Why Jurisdictions Must Support Fast-Evolving Family Philanthropy

Daniel Channing 29 May 2024

Why Jurisdictions Must Support Fast-Evolving Family Philanthropy

This article, from Jersey, considers how structures enabling philanthropy, often based in that jurisdiction, play an important part for wealthy families seeking to advance causes and make an impact.

With this year marking the 15th anniversary of the Jersey Foundation a structure well-used for philanthropic endeavoursDaniel Channing (pictured), director at Crestbridge Family Office Services, explores how international finance centres such as Jersey are continuing to evolve their proposition to support family philanthropic aims. 

The editors of this news service are pleased to share these insights; the usual disclaimers apply. Email

Over the past three decades, there has undoubtedly been a natural gravitation towards philanthropic structures as families have become more and more sophisticated and outward looking with their wealth. 

The global value of philanthropic capital, for instance, is estimated to stand at more than $2.5 trillion (source: Philanthropy and the Global Economy, Citi Bank 2022), with 73 per cent of family offices now managing philanthropic efforts in some capacity (source: BNY Mellon, February 2022).

Family philanthropic efforts are becoming more professional, more sophisticated and more targeted – and there are good reasons for this evolution. 

Increasingly, for instance, families are understanding that the very process of philanthropic professionalisation – from opening up conversations on philanthropy to developing and implementing purpose-driven strategies – has the potential to bring multiple benefits to the family, through better governance, more efficient structuring and family cohesion.

Jurisdictions that support family wealth structuring have responded to this drive. Jersey, for example, had the foresight to establish the Jersey Foundation structure 15 years ago. It combines aspects of a trust and a company vehicle to provide an alternative structure for wealth planning – and, since its introduction, more than 450 Jersey foundations have been established. Today, around a third of those are being used to support philanthropic and charitable objectives.

Family values
From an external perspective, the clear need for private capital to step up and support good causes remains strong. UN figures show, for instance, that if the Sustainable Development Goals (SDG) investment needs to 2030 are to be met, some $30 trillion of additional investment must be found. Private capital, including through philanthropy, will play a key part of that.

Beyond these external impacts, though, philanthropy is increasingly being embraced by families to help reinforce family values and promote family cohesion. 

Whilst in the past, philanthropy might have been driven by the personal values and goals of a patriarch or matriarch, a truly joined-up family approach to philanthropy can provide a platform to help bring different voices to the table, engender better understanding between family members, and create a unified dynamic that reinforces a family’s values.

A genuinely shared family philanthropic strategy can provide a good ‘ringfenced’ channel for families to educate the next generation.
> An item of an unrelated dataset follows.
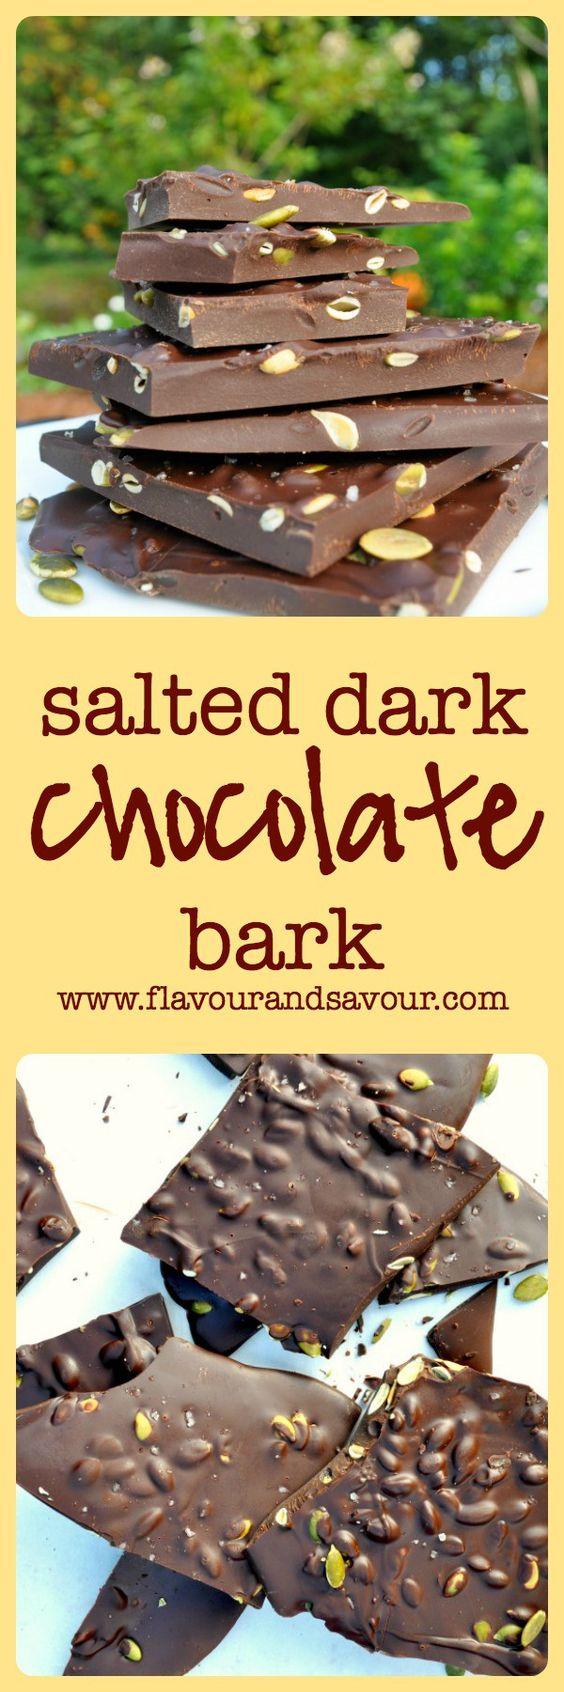 chocolate dark chocolate bark belgian style candy recipe pumpkin seed ...

Philanthropy can create a training ground for this generation, providing them with an environment for developing financial skills to better understand the environment they operate in, whilst empowering them to apply themselves to a cause they are passionate about.

Practical outcomes
Building strong family cohesion through philanthropy can be a powerful process that can also have a number of additional practical implications.

Roles such as head of philanthropy are increasingly common within family offices, giving them a more formal organisational model to help develop and implement bespoke strategies professionally and with confidence. It can also provide a good opportunity to revisit governance frameworks and family charters, to ensure that documentation is clear and aligned with purpose-driven values.

In turn, this is helping families undertake robust reviews on how they structure their philanthropic activities. Seed funding or ‘venture philanthropy’ to support startups or higher risk social benefit projects, for instance, might require very different structuring options to more straightforward “pure giving” to a charity.

Meanwhile, co-projects with other families are also becoming more common as families seek to pool resources where values, objectives and approaches are complementary, with a view to achieving greater impact. Families are also integrating philanthropy more with their wider wealth, business and investment activities.

Against this backdrop, it is those jurisdictions that can offer a broad range of vehicles to cater for diverse and bespoke strategies that aim to integrate philanthropy in different ways. Jersey has benefited considerably from this trend, thanks to its well-established fund regime – the Jersey Private Fund for instance has become a go-to vehicle for families venturing into new asset classes – as well as its company legislation, all of which complement the perhaps more familiar trust and foundation vehicles.

It’s telling that although 71 per cent of family offices believe they have a role to play in alleviating economic inequality, just 41 per cent have a philanthropic strategy in place to do that (source: Milken Institute, 2021).

In that light, external advisors across the IFC landscape are set to become increasingly important when it comes to enabling conversations amongst family members so that they can set out their visions and agree a way forward.

There’s no doubt that philanthropy continues to evolve at pace, as families continue to take a fresh, open and coherent approach to make a real impact. Jurisdictions such as Jersey that have the right expertise, regulatory frameworks and structuring landscape, will continue to be at the forefront in enabling families to realise those ambitions.